Interviewer: Where do you see yourself in five years?
Me: Are you a cop?
For this recipe gently massage the bird like you’re thinking of ending things but want to stay friends.
Relationship status – table for one but drinks for two
I love watching my 3yo and 2yo fight because they throw kicks and nobody makes contact and they say shit like, “you’re boring!” and “I have socks!” as insults and it’s amazing.
Real friends don’t put their babies on the phone to talk to you
Hey Dog Walkers, technically, that dog can walk on its own. What it can’t do is pick up it’s own poop.
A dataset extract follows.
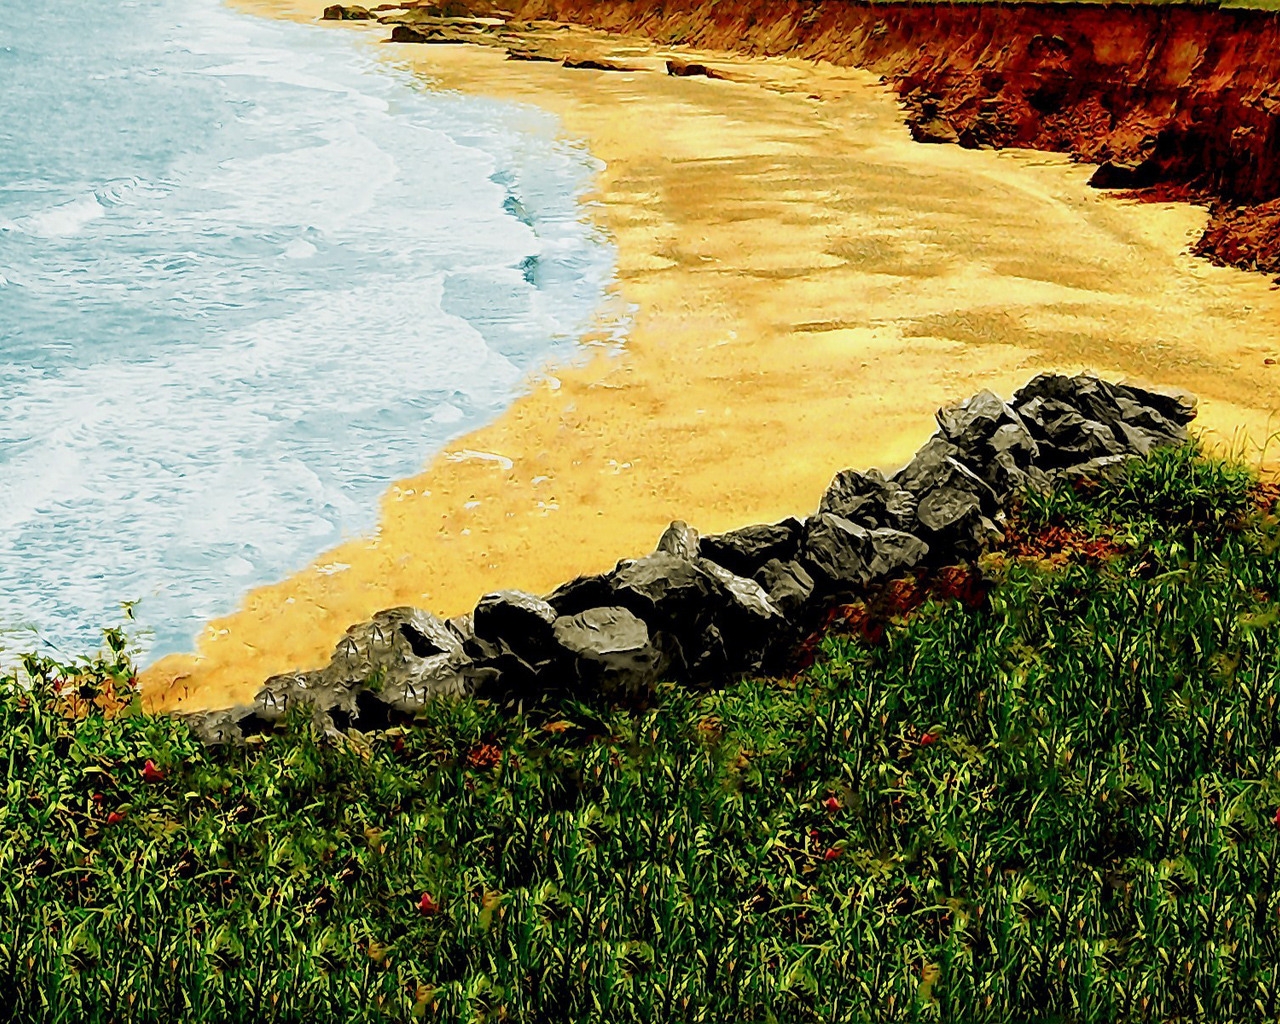 The Dream Beach for 1280 x 1024 resolution
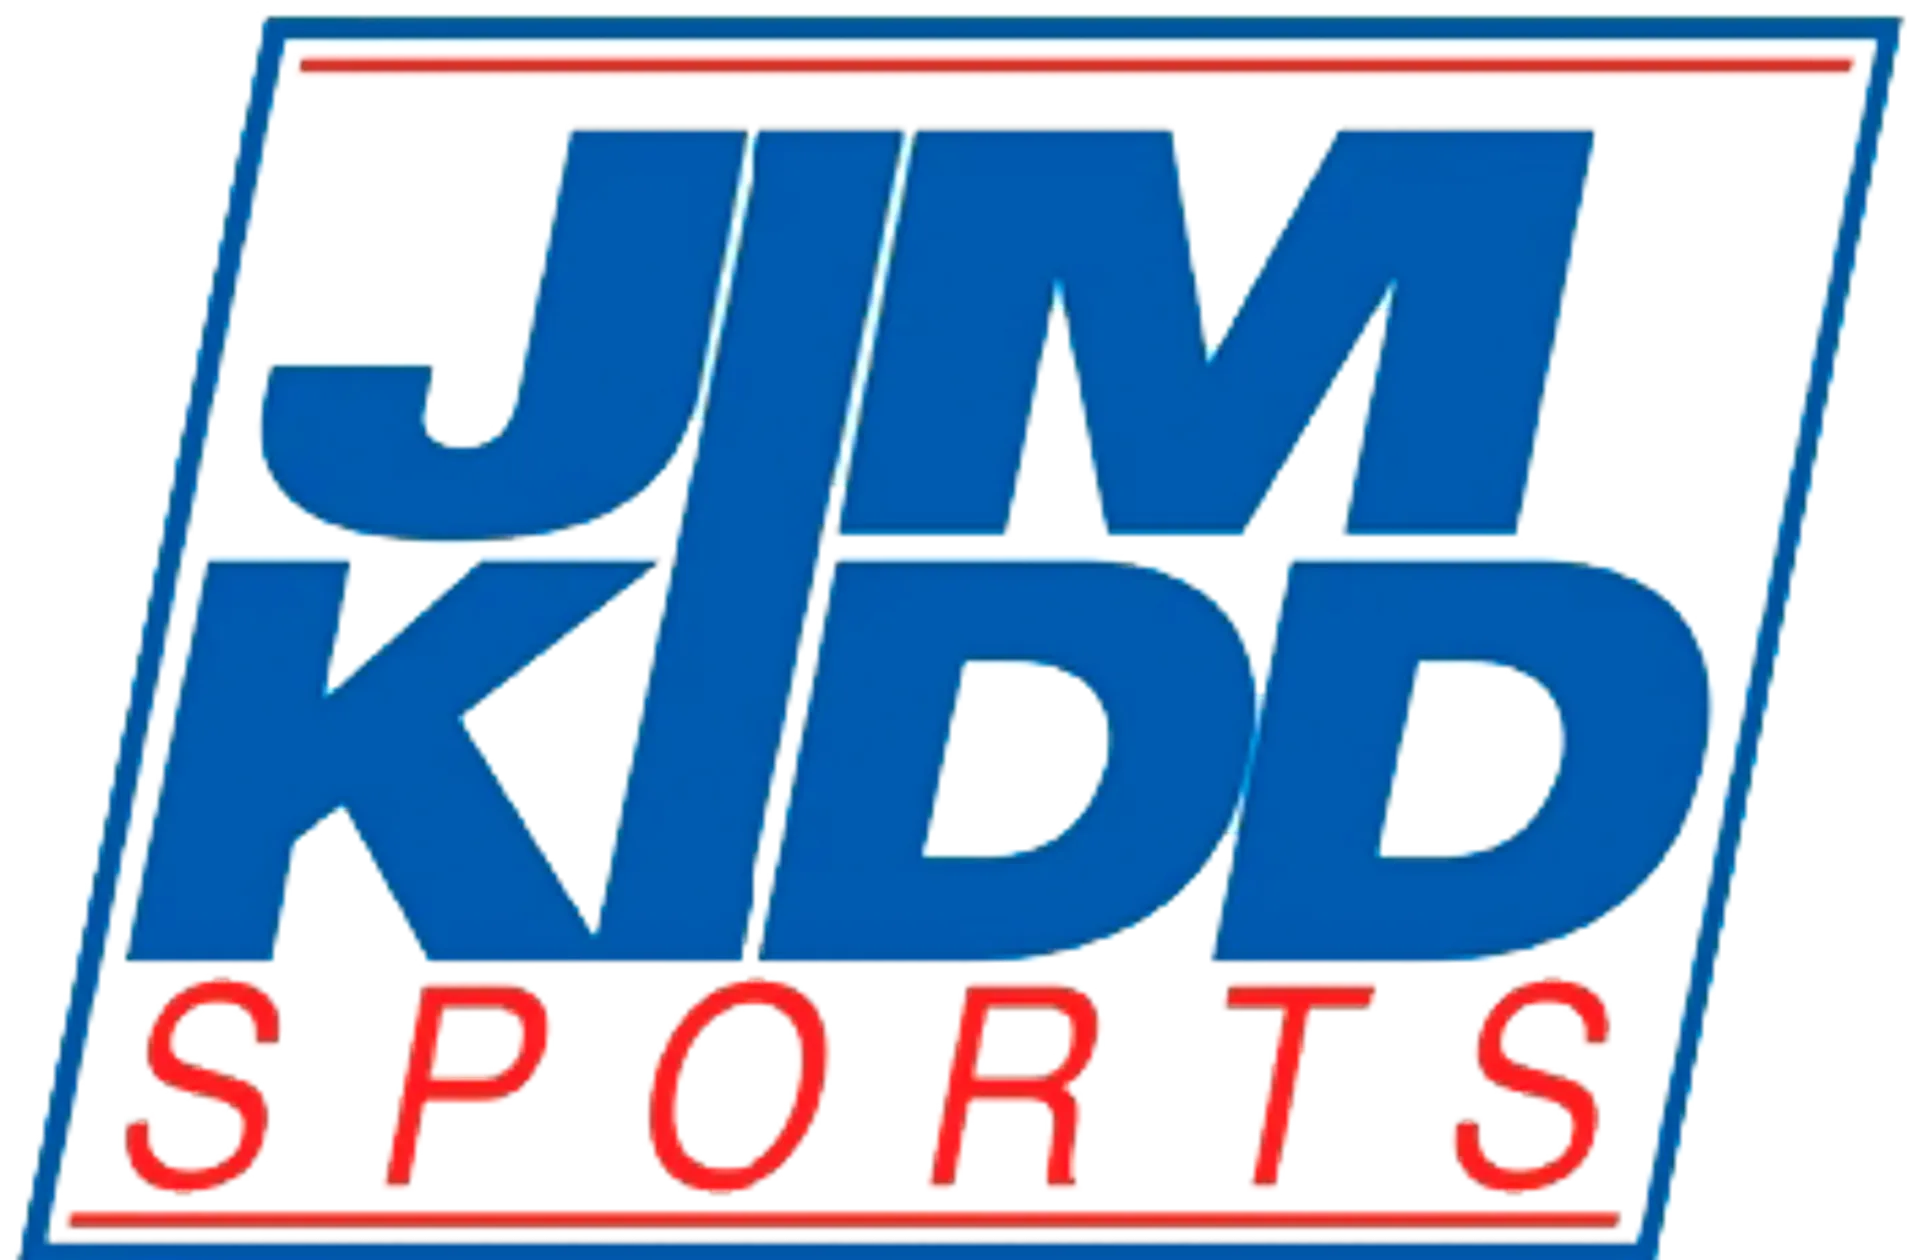 JIM KIDD SPORTS logo of current catalogue

You’re just a poop collector.
In space, no one can hear you scream. Because it’s space, and everyone is on the ground. What are you even doing up there?
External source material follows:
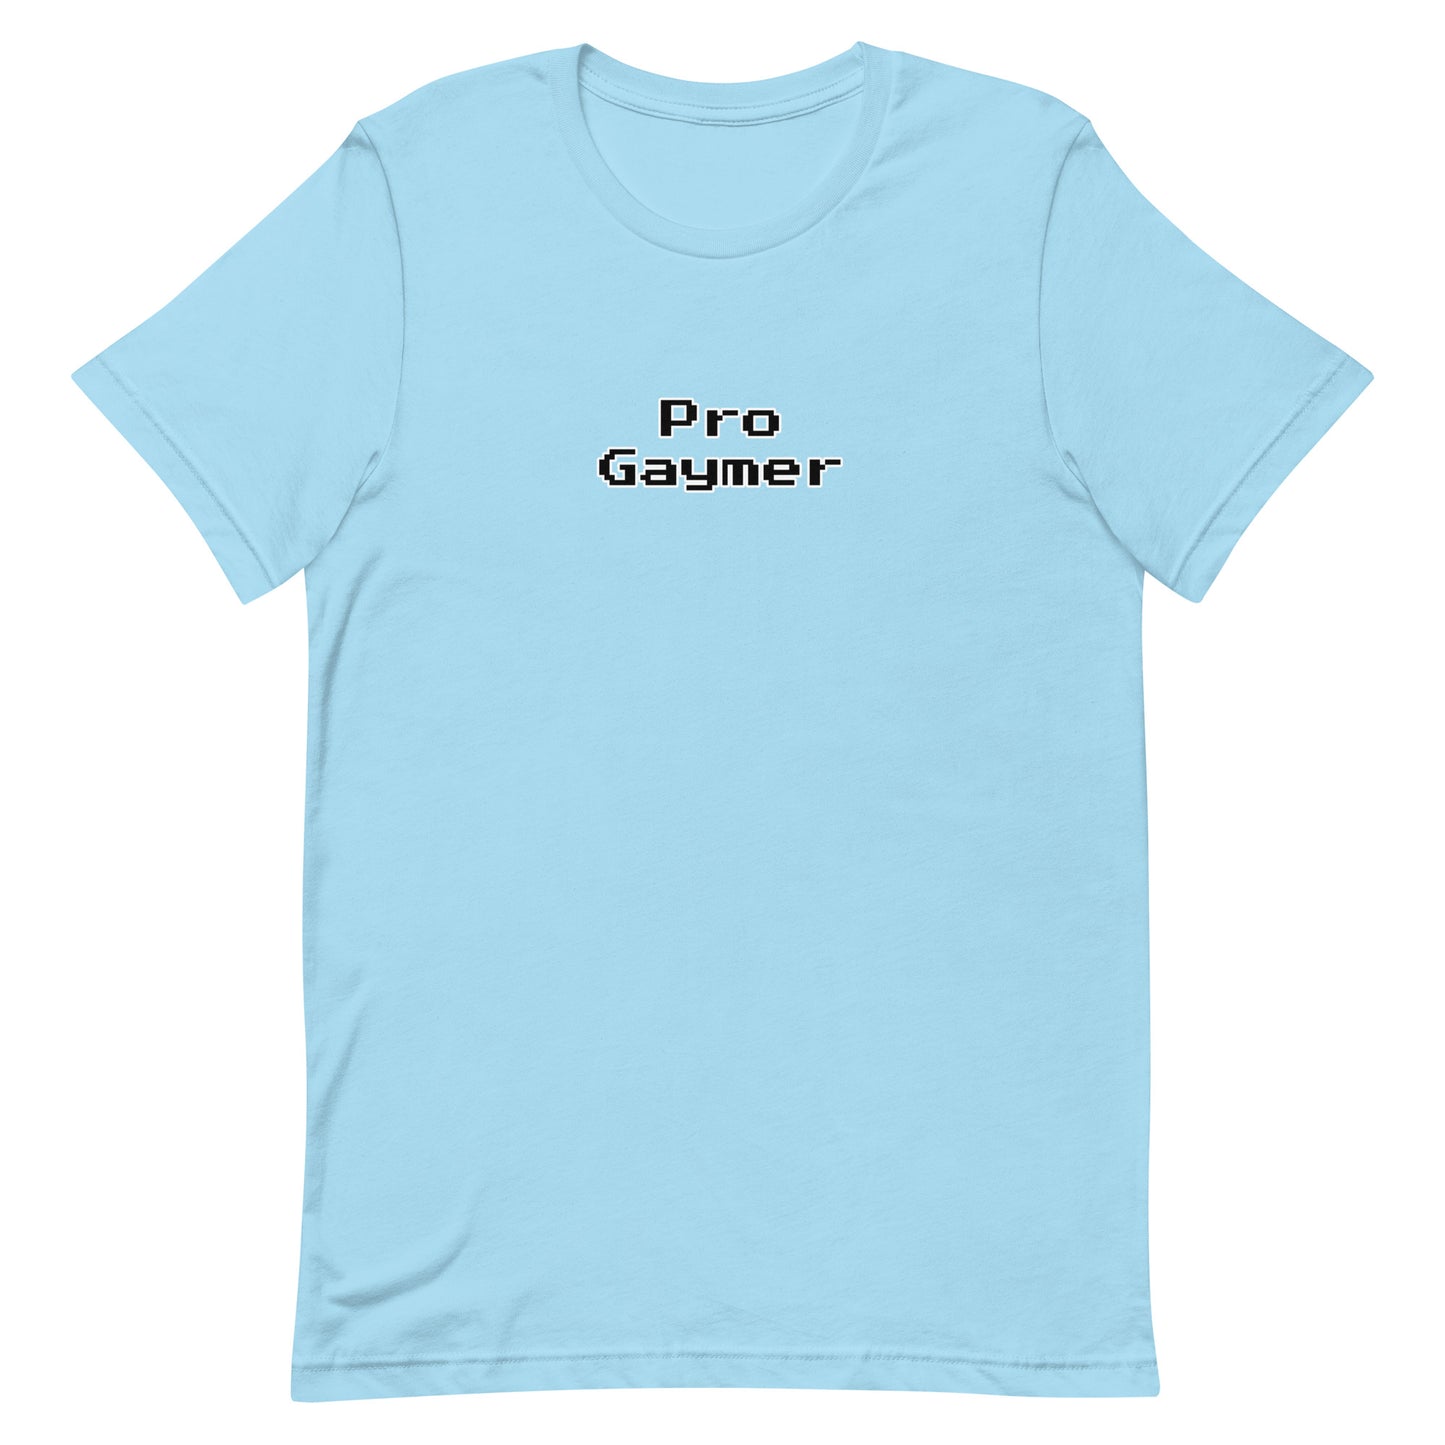 Pro Gaymer - T-Shirt (B) - Solid colors

You ever have your knees crack so good that you expect them to glow in the dark.
Yeah, me too.
most embarrassing email exchange I ever had:
– Sent an email
– They replied & called me “Mautice”
– I reply with a stink about how my name is properly spelled and that it’s actually really important to me
– They told me to check my 1st email
– I had misspelled my own name
A mongoose is just a goose who listens to reggae
if you eat your burrito over a tortilla, anything that falls out will simply start building your next burrito
Post natal depression is a serious condition. I’m 38 years old and my mum still bursts into tears every time she sees me.
This is my emotional support chloroform rag
barbie: how many barbies are you seeing ken??
ken:
barbie: *flips over plastic pizza saver table*
mariah carrie
Every time I pull a gun at the bank, the tellers act so stuck up.
*Telephone Rings*
Advice Nurse: Hello, how can I assist you today?
Werewolf: *sweating* CAN I EAT CHOCOLATE?
Rice: for when you’re not really
hungry but still wanna eat a 1000
of something.
My son just got braces and his mouth hurts too much for solid food so I made him a milkshake but he didn’t want it and then my husband said he’d drink it but then he didn’t end up wanting it either. So no, sadly my milkshake does NOT bring any boys to the yard.
*approaches pond*
*water recedes*
*turns away*
*water returns*
What the ??
*approaches pond*
*water recedes*
Oh, I see. This is a coy pond.
wife: please don’t do anything stupid
me: ok… wait,
tonight or ever?
“Duck…”
“Duck…”
“Duck…”
“Duck…”
“Duck…”
“Duck…”
“Duck…”
“MOOSE!!!”
“Alright, who said the Canadian kid could play?!?!”
My sister is doing low carb and she told me she made a low carb quesadilla. I asked her how and she said she used eggs as the tortilla. I said that’s an omelette and now she isn’t talking to me
What essential oil do you use to make your teenagers calm down? Is it chloroform?
The Jaws theme stays on during sex.
I’m at doc’s office & they have 3 designated areas: flu like symptoms, stomach virus symptoms, & kids. I don’t want to catch any of the 3.